Doctor Sleep is an admirable sequel to one of the most influential films ever made: The Shining. Director Mike Flanagan does a fine job of making a movie that should satisfy fans of both Stephen King’s and Stanley Kubrick’s disparate works.
Decades after the horrific events at the Overlook Hotel, Dan Torrance (Ewan McGregor) is an alcoholic drifter. He eventually finds his way to a small New Hampshire town. There, Dan works an orderly at the local hospice, attends AA meetings, and starts to turn his life around. Meanwhile, a cult led by Rose the Hat (Rebecca Ferguson) roams the country looking for children who “shine” so they can consume that power. An incredibly powerful girl named Abra (Kyleigh Curran) has caught their attention, forcing Abra to reach out to Dan to help her.
Flanagan, whose previous work includes Netflix’s “The Haunting at Hill House,” does a remarkable job balancing elements of “The Shining” (the novel) and The Shining (the film). For those unaware, Kubrick’s 1980 adaptation of King’s 1977 novel took extreme liberties with the source material. King famously derided the film, going so far as to commission another adaptation (this time as a mini-series) several years later that was more faithful to the book.
Those who have read “Doctor Sleep” having only seen The Shining might be alarmed at how many inconsistencies there are. For example, the Overlook Hotel is razed to the ground in the novel, and Dick Halloran survives. Flanagan’s Doctor Sleep adaptation is adept at reconciling these differences, acting as a sequel to both works.
About two-thirds of Doctor Sleep play out as a relatively straightforward (and faithful) adaptation of the novel. References to The Shining are occasional. These include things like music cues, the appearance of certain characters, and even the design of a certain doctor’s office.
The third act is where things lean heavily towards the Kubrickian influences in terms of production design, cinematography, score, and even casting. There are recreations of key events from the 1980 film featuring new actors, but they’re done seamlessly. Technology has brought us far enough to bring actors like Peter Cushing back to life, or convincingly de-age Michael Douglass. Doctor Sleep proves that simply re-casting iconic roles is still the least distracting option.
Pacing is the only real issue that Flanagan struggles with. Much like the novel, the movie starts out choppy as it establishes three storylines that don’t fully converge until the third act. Furthermore, the movie runs a bit too long. Though in its defense, no scenes really leap to mind as being easily removable. The movie’s ending has been changed a bit from the novel’s, but in a good way. It resolves things well from both a thematic and (especially) a narrative standpoint.

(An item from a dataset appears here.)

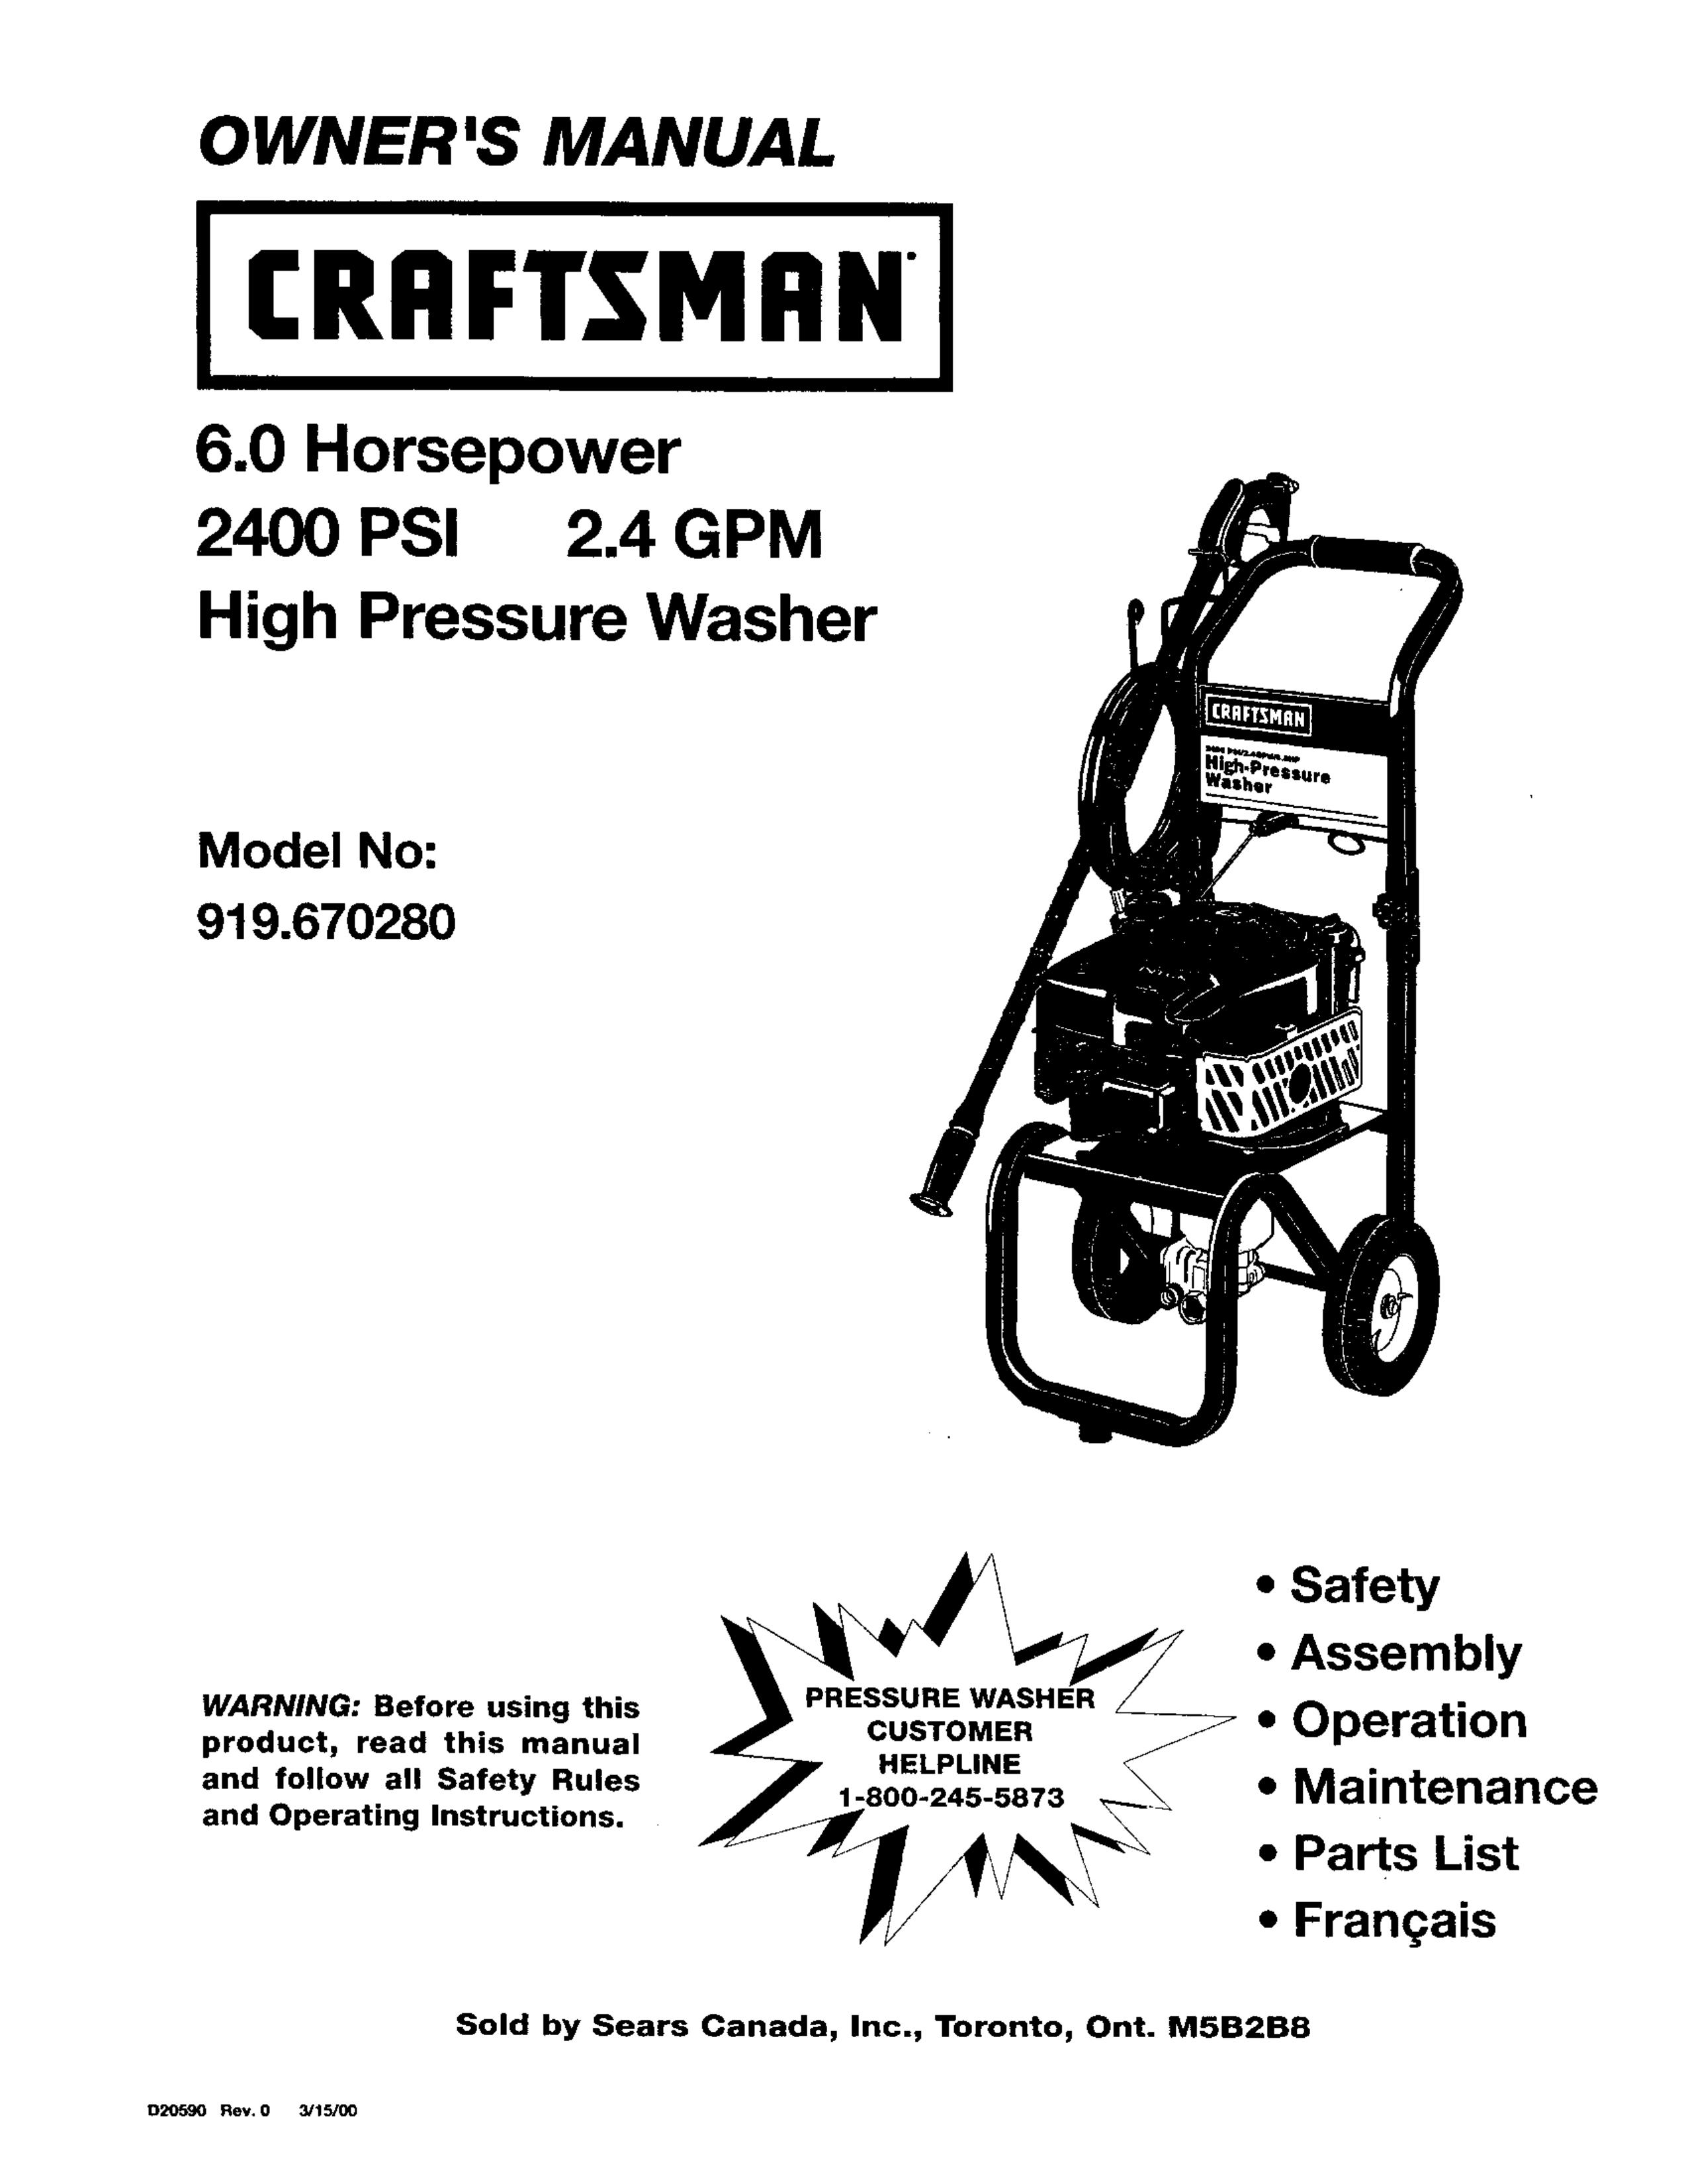 Craftsman 919.67028 Washer User Manual

McGregor is fine in the role. He gets a handful of dramatic scenes to really tear into, and he handles himself capably. Ferguson’s accent is a bit inconsistent, but she’s also good. Curran has the trickiest role as Abra, and gives a very good performance. The rest of the cast is serviceable but underutilized. (Especially Bruce Greenwood, whose appearance amounts to a cameo.) The actors playing re-cast versions of characters from The Shining are all excellent. In particular, Alex Essoe, who steps into Shelley Duvall’s shoes.
As mentioned, editing (also by Flanagan) could’ve been tighter. Lensing by Michael Fimognari is a bit flat and lifeless, but maybe that’s the point. Design elements are strong and visual effects, though relatively minimal, are effective when called upon. The score by The Newton Brothers (regular Flanagan collaborators) is also good. It’s generally its own thing but references The Shining when it has to.